Here the job is to repeat the listing exactly, but not the pictures in it.

▶ _Data section_
==================================================

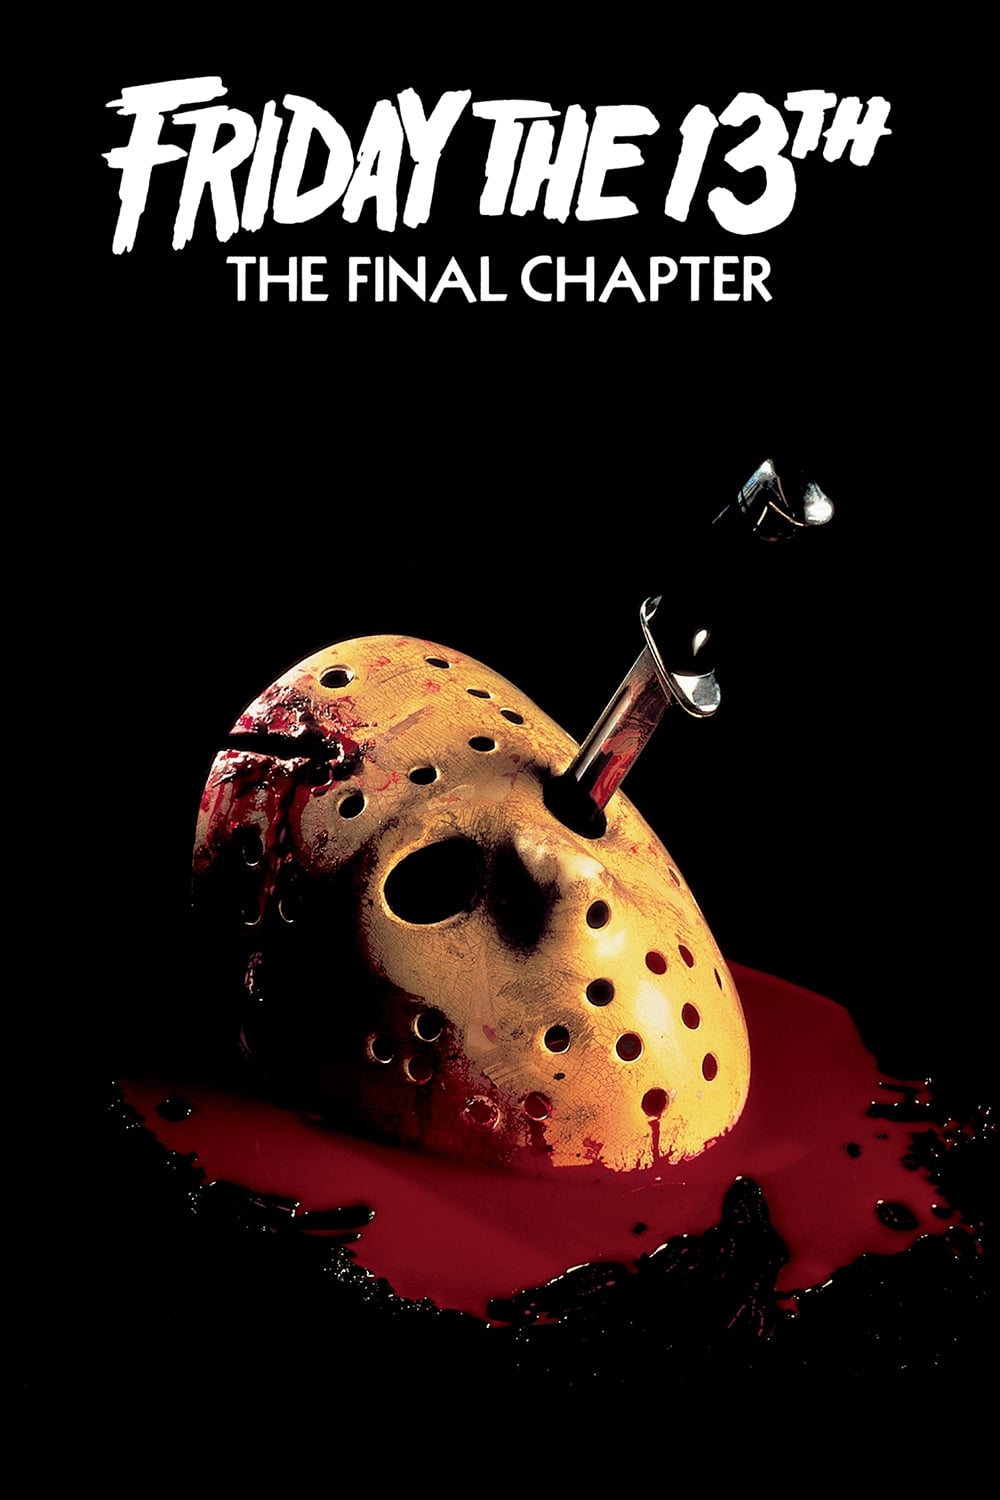 Thứ 6 Ngày 13: Hồi Cuối (Friday the 13th: The Final Chapter) [1984]
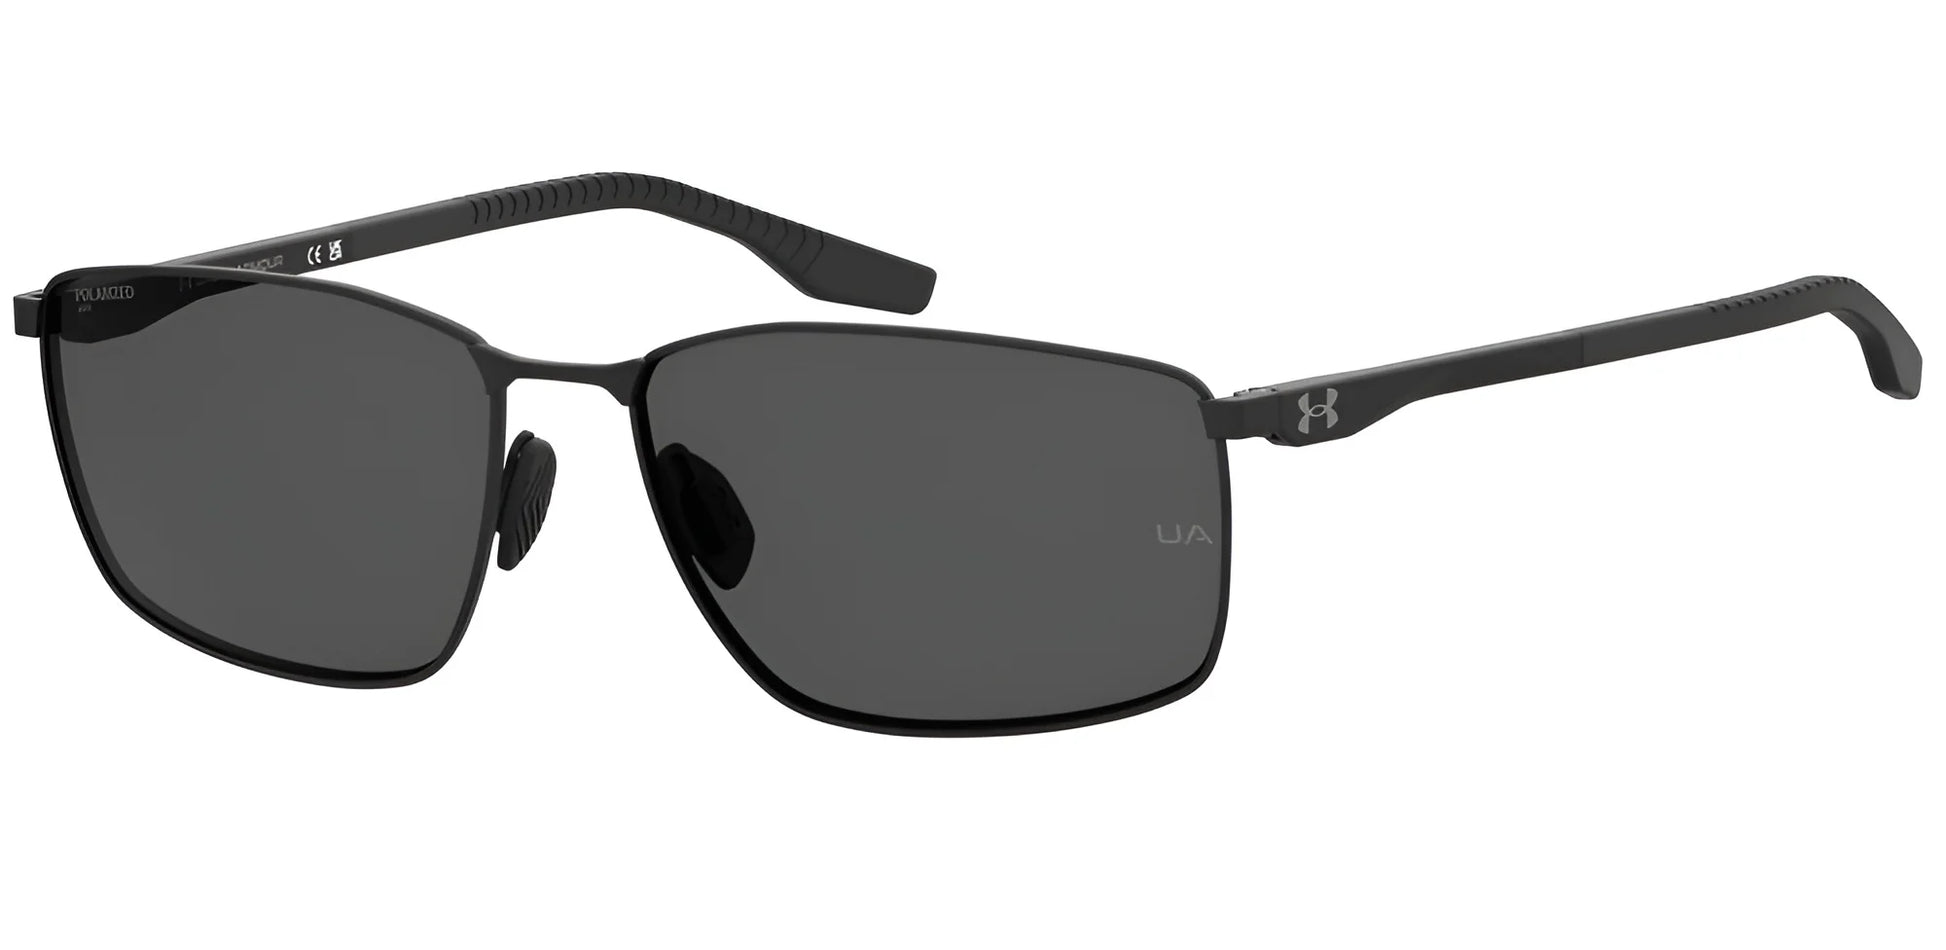 Under Armour FOCUSED Sunglasses Mttblack / Grey Polarized
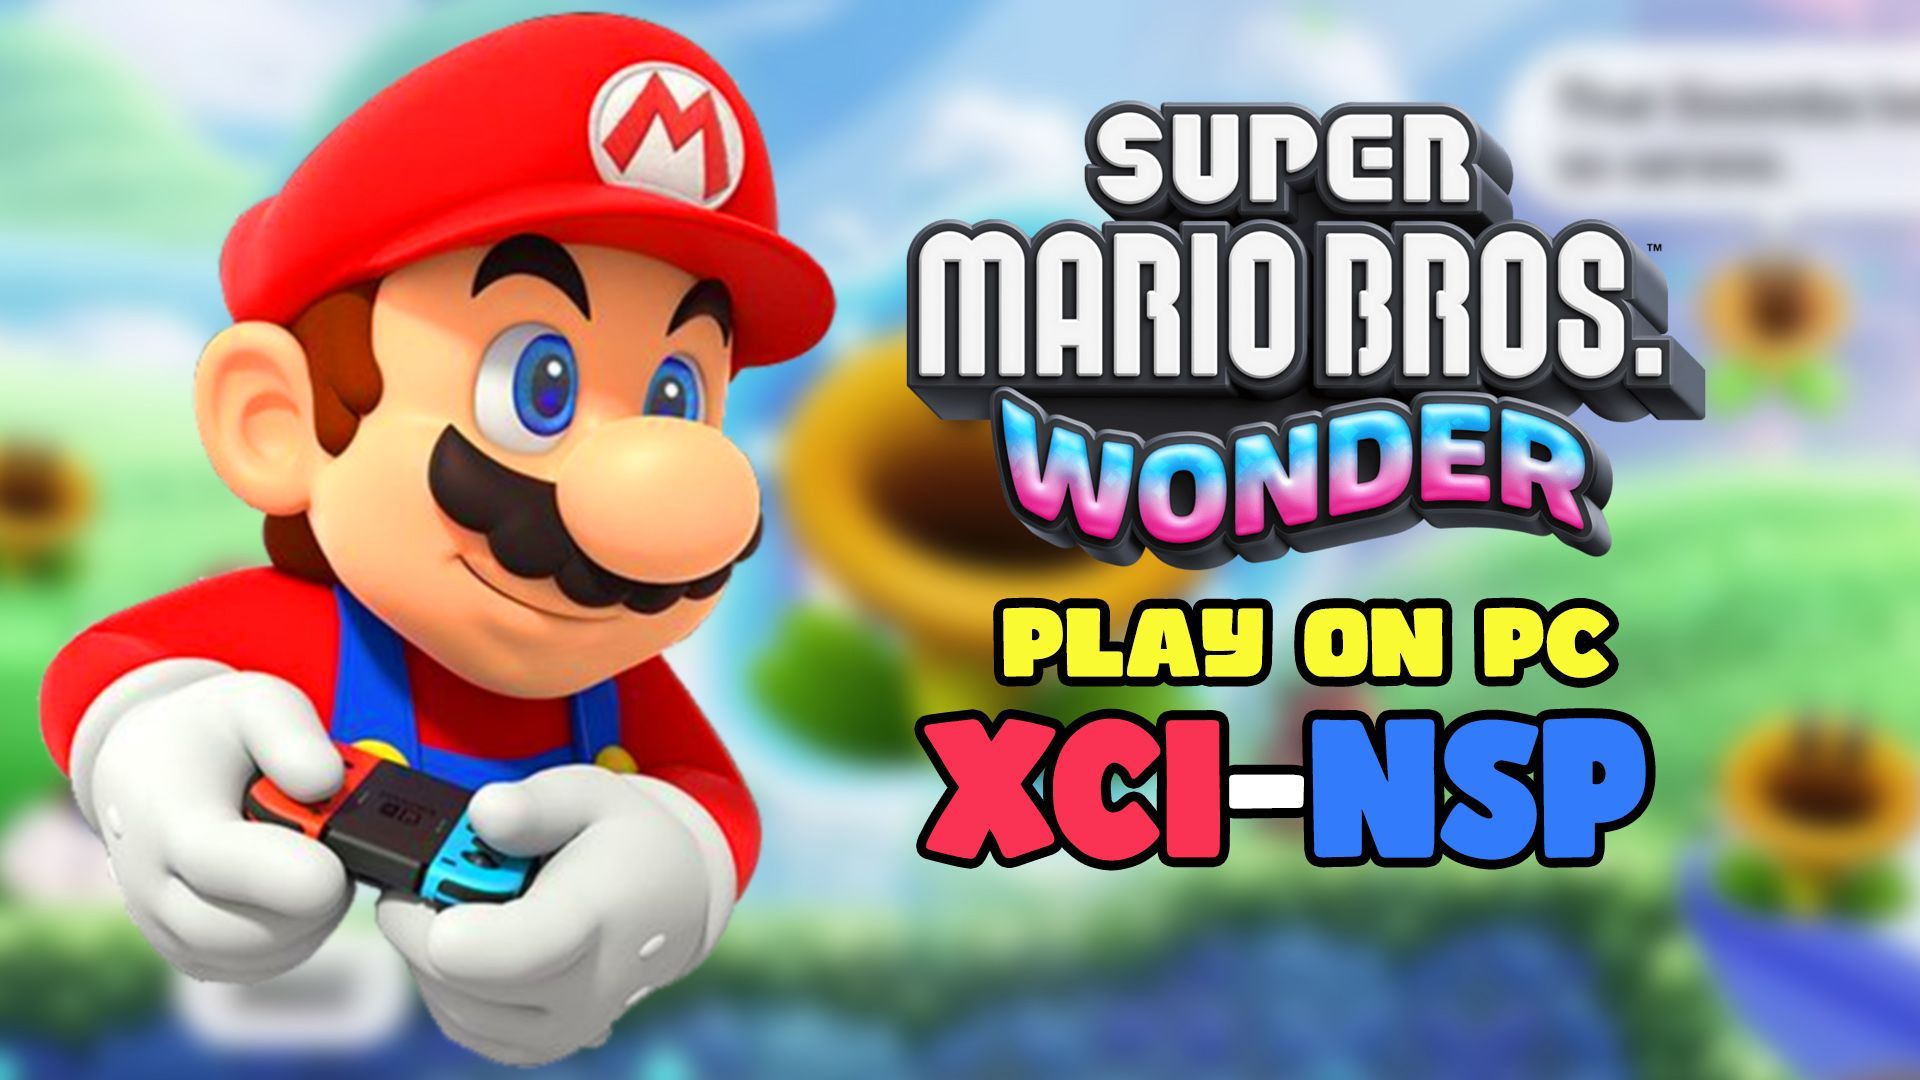 Super Mario 3D World Download Free PC Installer

==================================================

▶ _Solution below_
 Thứ 6 Ngày 13: Hồi Cuối (Friday the 13th: The Final Chapter) [1984]
 Under Armour FOCUSED Sunglasses Mttblack / Grey Polarized
 Super Mario 3D World Download Free PC Installer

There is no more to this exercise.